Roma (CNN) – Uma menina de 11 anos foi encontrada agarrada a câmaras de pneus na costa italiana depois que o barco de migrantes em que ela seguia afundou três dias antes.
A menina é de Serra Leoa e foi chamada de “Yasmine” na mídia italiana.
Ela foi encontrada com um colete salva-vidas no Mar Mediterrâneo na manhã de quarta-feira pela tripulação do navio de resgate Trotamar II, administrado pela ONG alemã Compass Collective.
Ela disse às equipes de resgate que o barco havia deixado Sfax, na Tunísia, no fim de semana, com cerca de 45 pessoas a bordo, incluindo seu irmão mais novo, de acordo com um comunicado da ONG alemã Compass Collective, de caridade de resgate.
Na altura, uma tempestade na zona interrompeu as operações de vários navios de salvamento de ONG em torno da ilha italiana de Lampedusa.
A menina disse que outras duas pessoas sobreviveram inicialmente quando o barco de metal virou na tempestade, mas desapareceram na água horas antes de ela ser resgatada. Todos os outros migrantes são considerados mortos.
O capitão do Trotamar III, Matthias Wiedenlübbert, disse que ouviu seus gritos na escuridão por volta das 3h20 de quarta-feira (21h20 horário do leste dos EUA, terça-feira). O barco, que estava a caminho de outro resgate, começou a patrulhar a área após avistar destroços da embarcação naufragada.
“Foi uma coincidência incrível ouvirmos a voz da criança mesmo com o motor ligado”, disse ele. “E é claro que procuramos outros sobreviventes. Mas depois da tempestade que durou um dia inteiro, com mais de 23 nós e ondas de 2,5 metros de altura, era impossível.”

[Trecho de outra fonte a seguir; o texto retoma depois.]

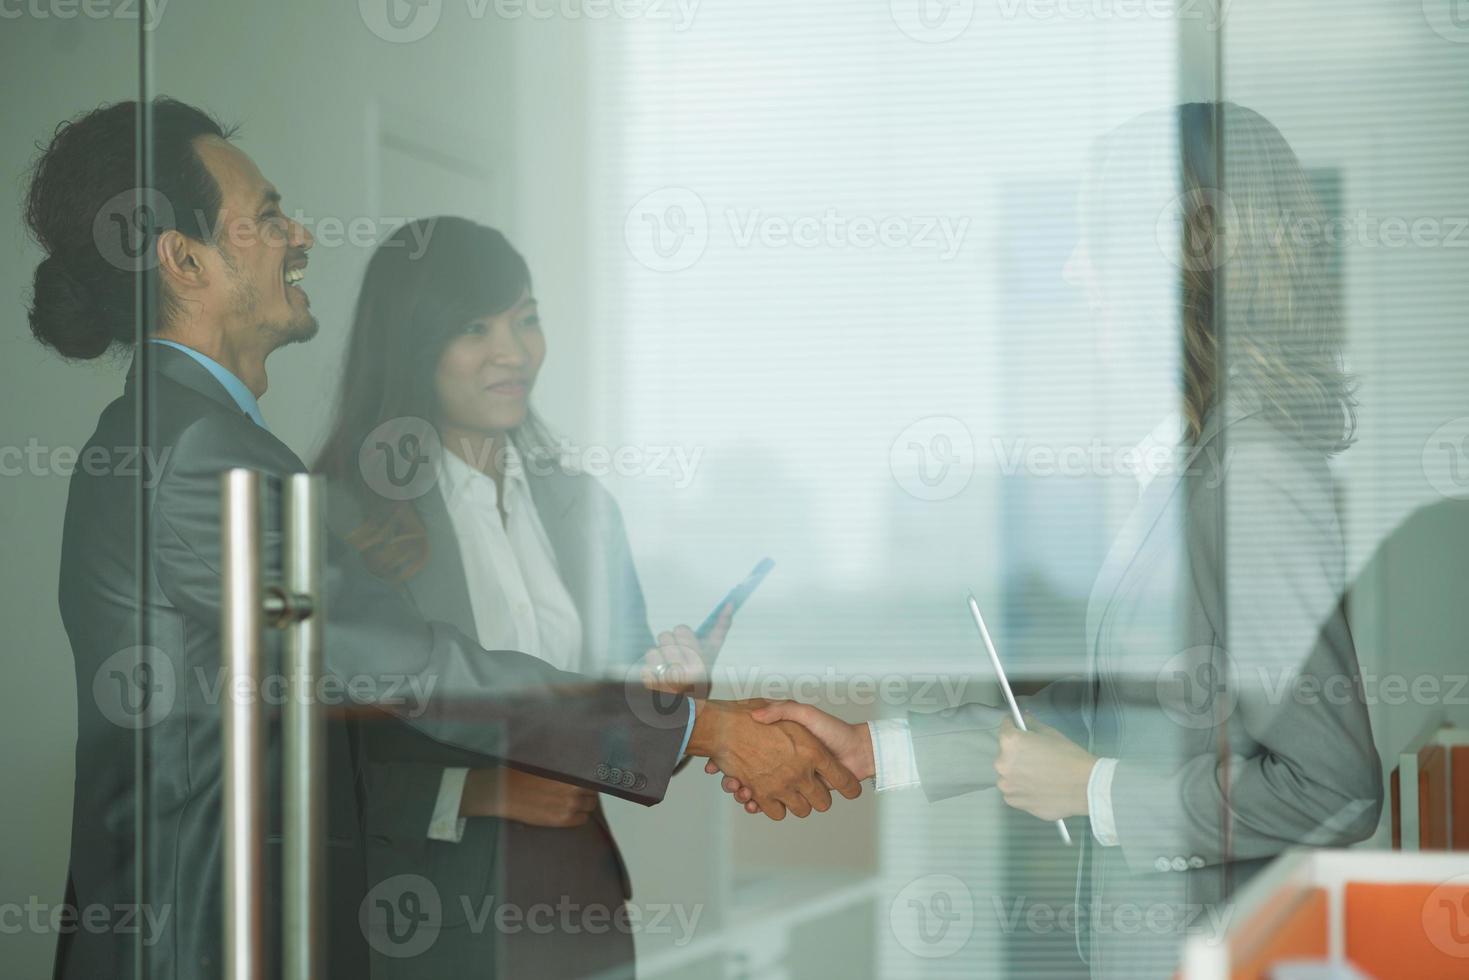 antes da reunião de negócios foto

A menina foi levada às pressas para Lampedusa, onde está sendo tratada de hipotermia. A expectativa é que ela sobreviva, segundo a Cruz Vermelha, que administra o centro de migrantes na ilha.
Na mesma noite, a ONG distribuiu coletes salva-vidas a outro barco em perigo com 53 pessoas a bordo antes de alertar as autoridades italianas sobre a sua localização. Não está claro se essas pessoas foram resgatadas.
A tripulante Katja Tempel disse: “Mesmo durante tempestades, as pessoas são forçadas a usar rotas de fuga arriscadas através do Mediterrâneo. Precisamos de uma passagem segura para os refugiados e de uma Europa aberta que acolha as pessoas e lhes dê acesso fácil ao sistema de asilo. Afogar-se no Mediterrâneo não é uma opção.”
Mais de 64 mil pessoas foram resgatadas no Mediterrâneo Central ao tentarem chegar a Itália entre 1 de janeiro e 11 de dezembro, segundo estatísticas governamentais. Destes, 7.879 eram menores desacompanhados.
O resgate milagroso reacendeu o debate sobre a disponibilização de corredores seguros para aqueles que procuram asilo na Europa. No início deste ano, a Itália tentou abrir centros de processamento de migrantes na Albânia, mas a sua legalidade foi apanhada pelo sistema judicial italiano.